Stored data
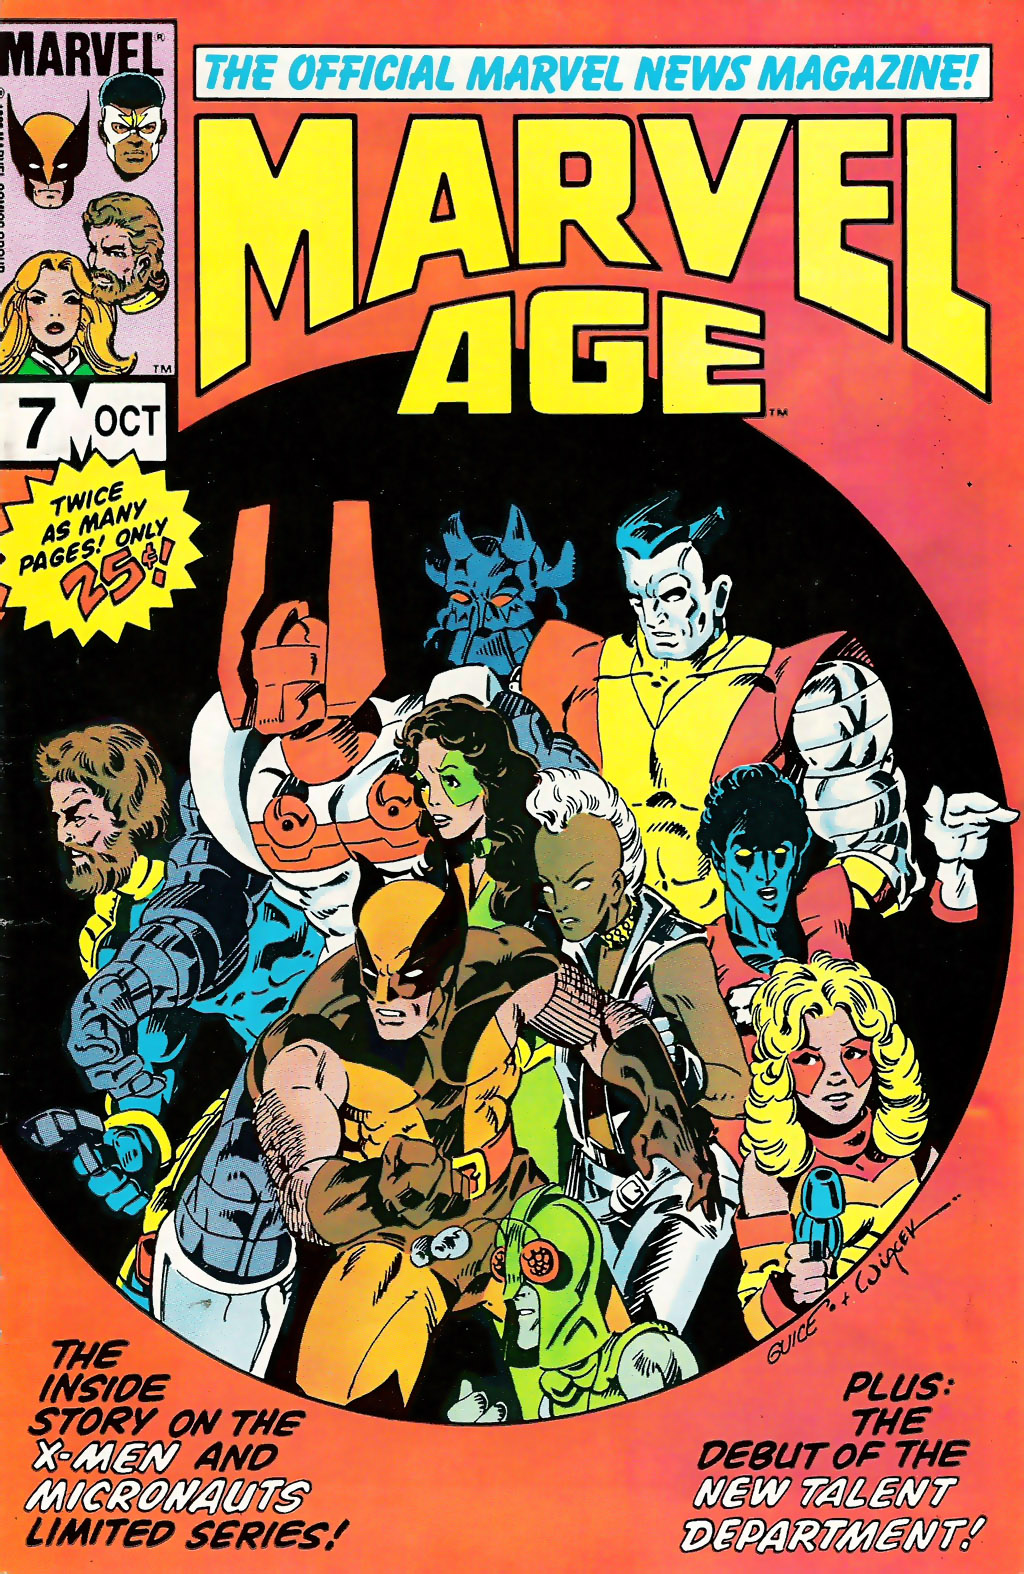 Marvel Age Vol. 1 #7
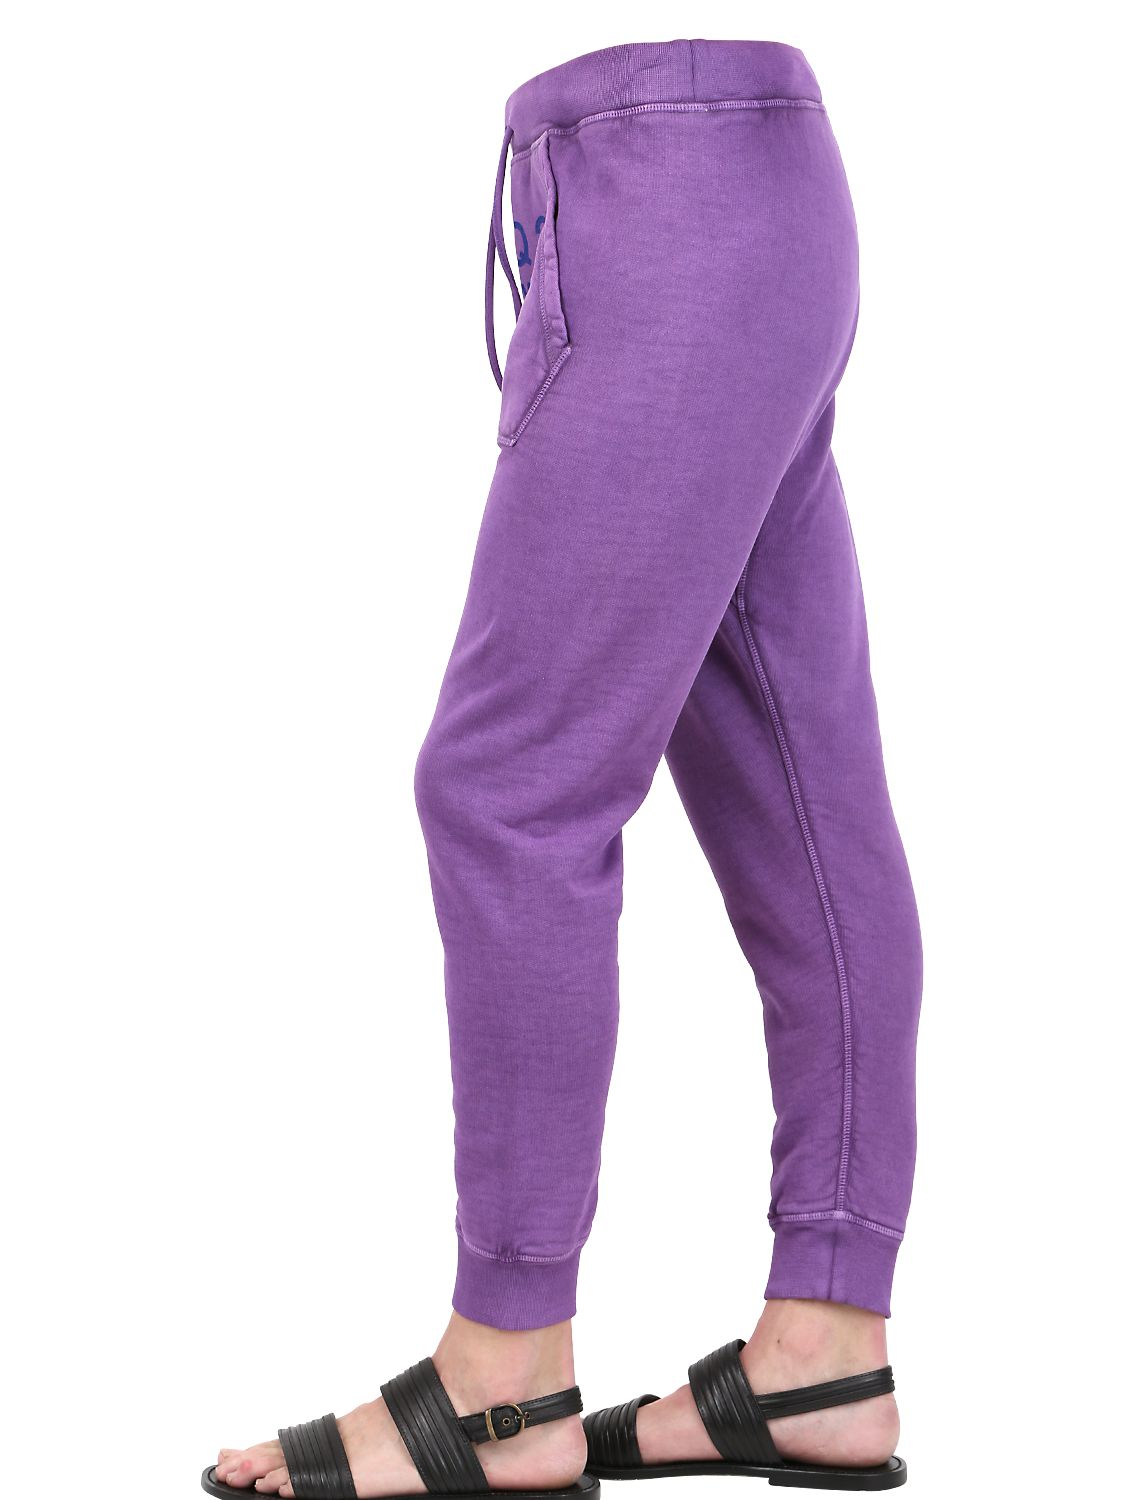 DSquared² Cotton Fleece Jogging Trousers in Violet (Purple) for Men - Lyst
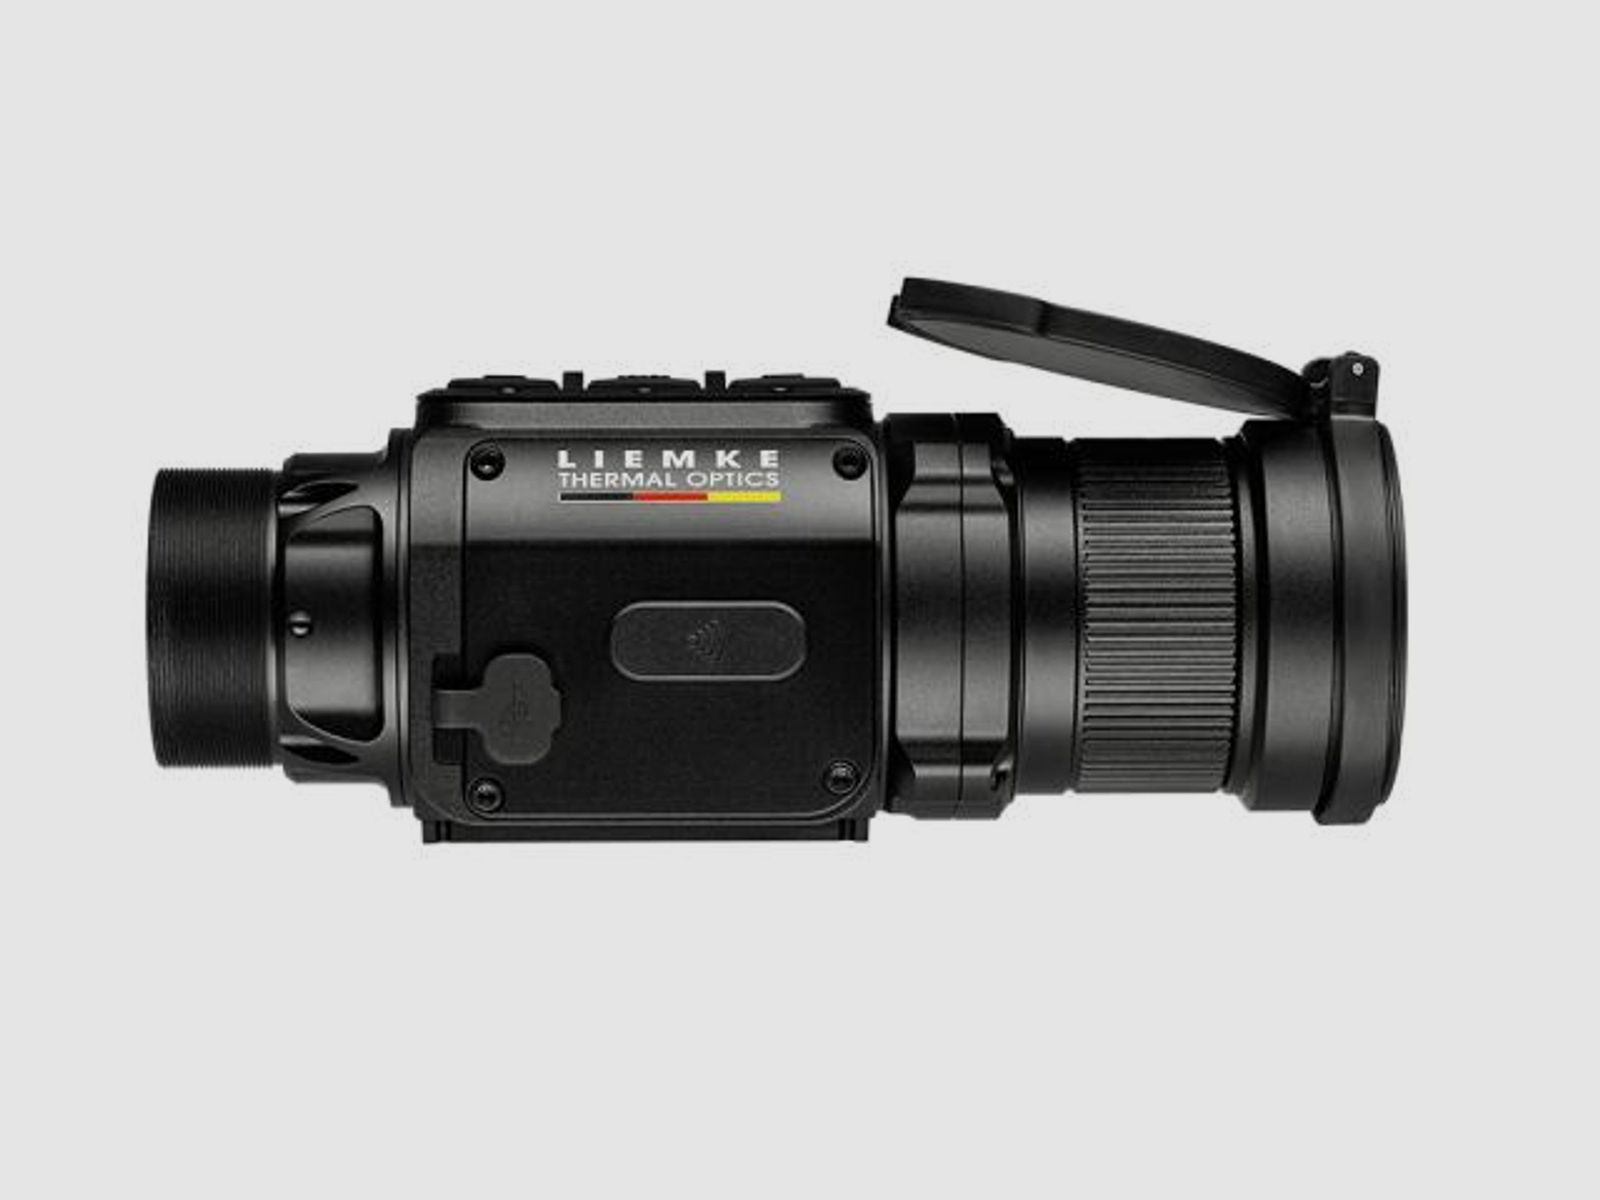 LIEMKE Optik Wärmebild-Kamera Luchs -2 Dual-Use - Vorsatzgerät
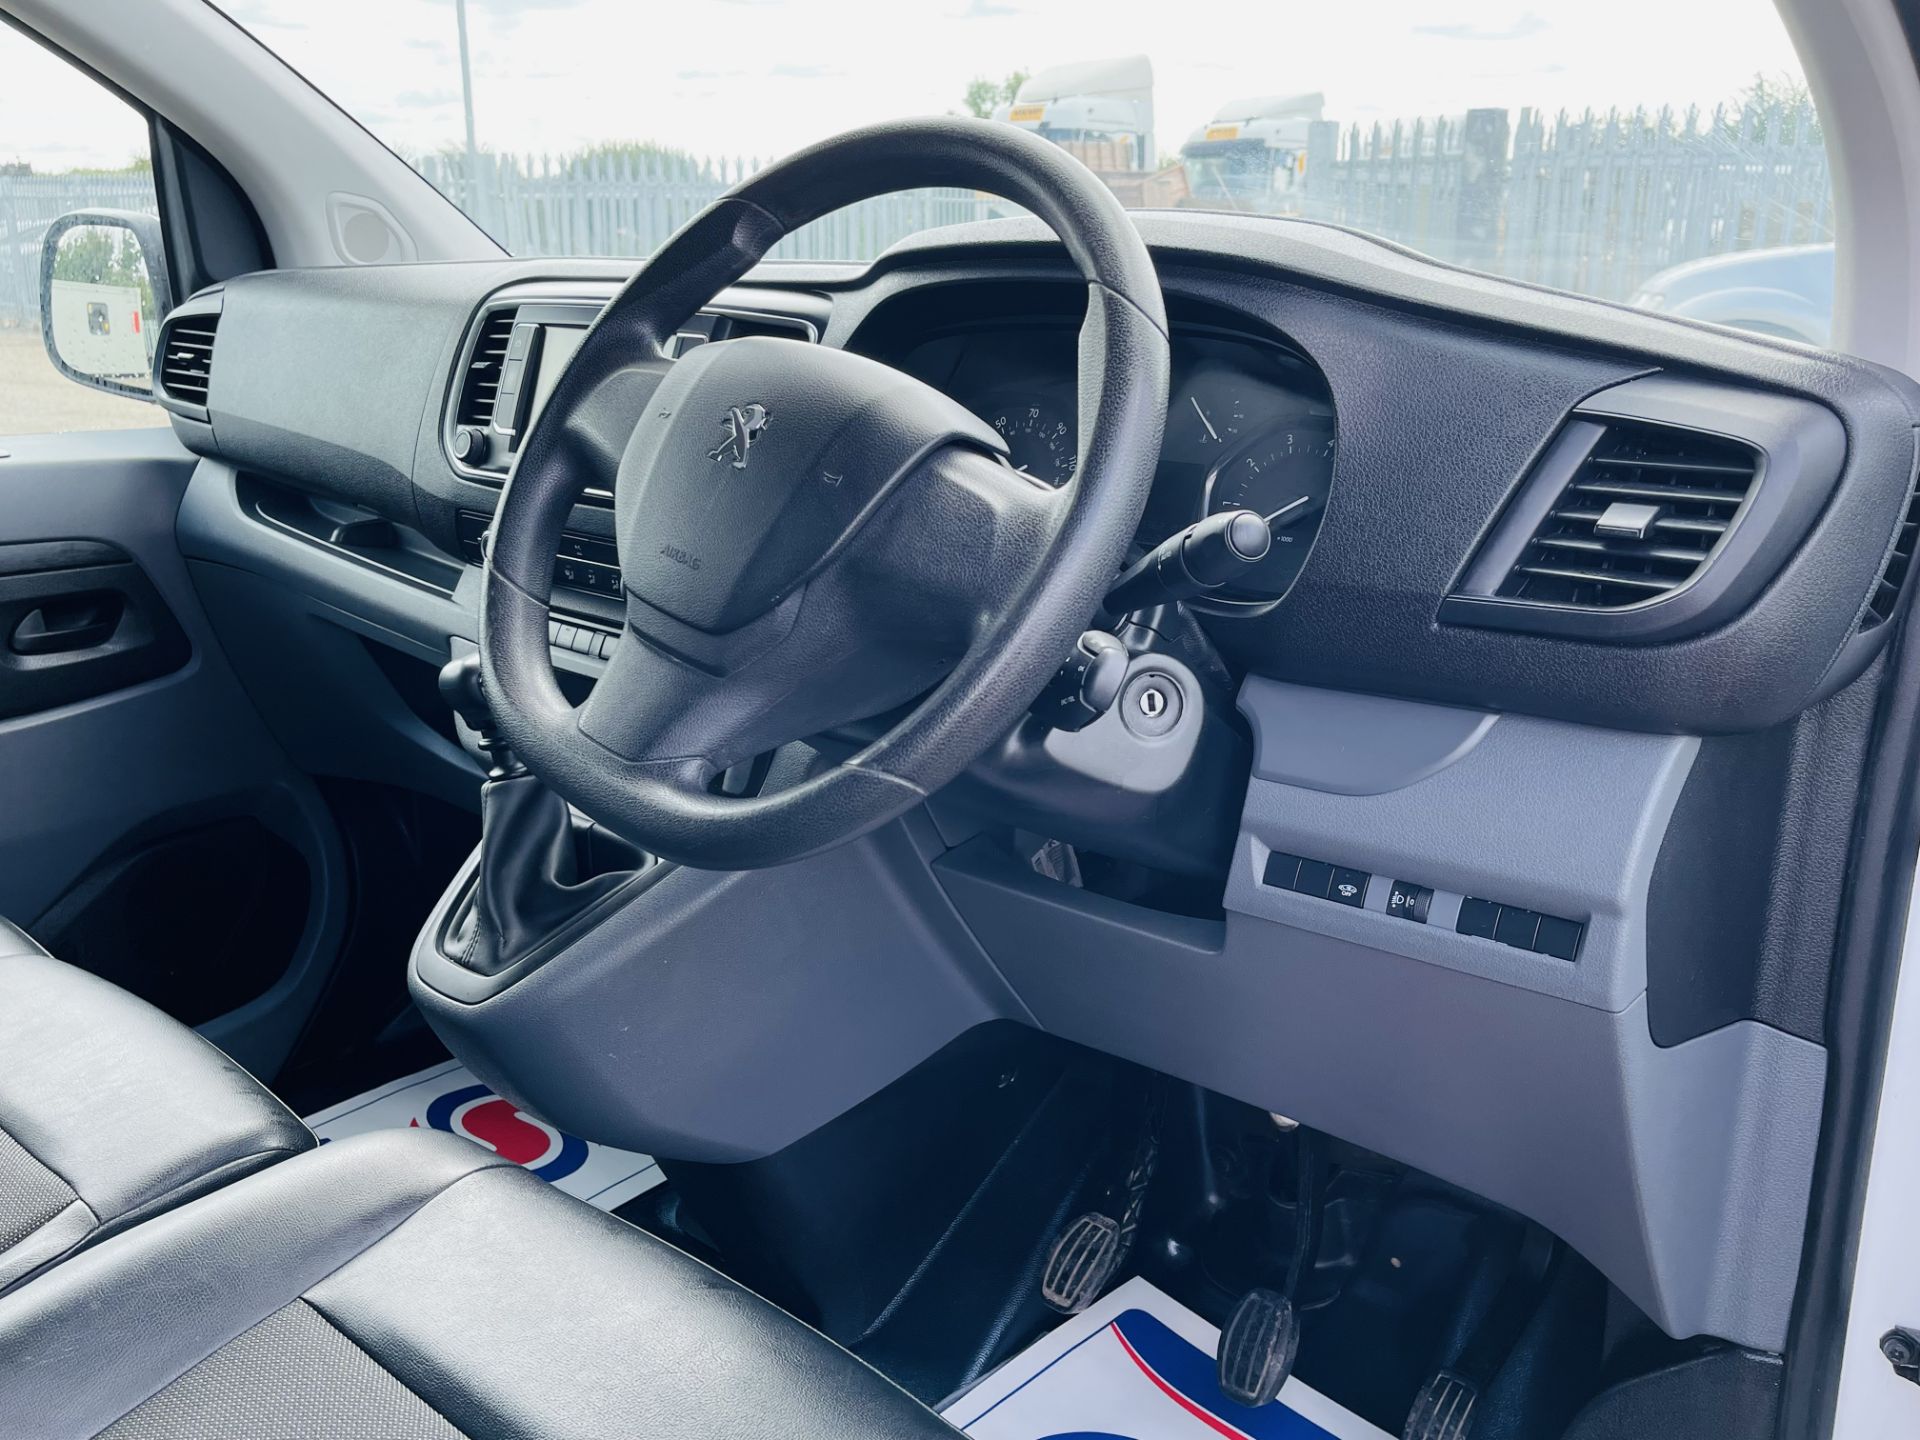 Peugeot Expert 1.6 Blue HDI Professional 2018 '18 Reg' Air con -Sat Nav-Euro 6b ** ULEZ Compliant ** - Image 17 of 21

Task objective
Each line from the one holding "DSquared² Cotton Fleece" through the final line of the data needs to be transcribed exactly. Include both ends, skip the pictures, and add nothing.

Result
 DSquared² Cotton Fleece Jogging Trousers in Violet (Purple) for Men - Lyst
 LIEMKE Optik Wärmebild-Kamera Luchs -2 Dual-Use - Vorsatzgerät
 Peugeot Expert 1.6 Blue HDI Professional 2018 '18 Reg' Air con -Sat Nav-Euro 6b ** ULEZ Compliant ** - Image 17 of 21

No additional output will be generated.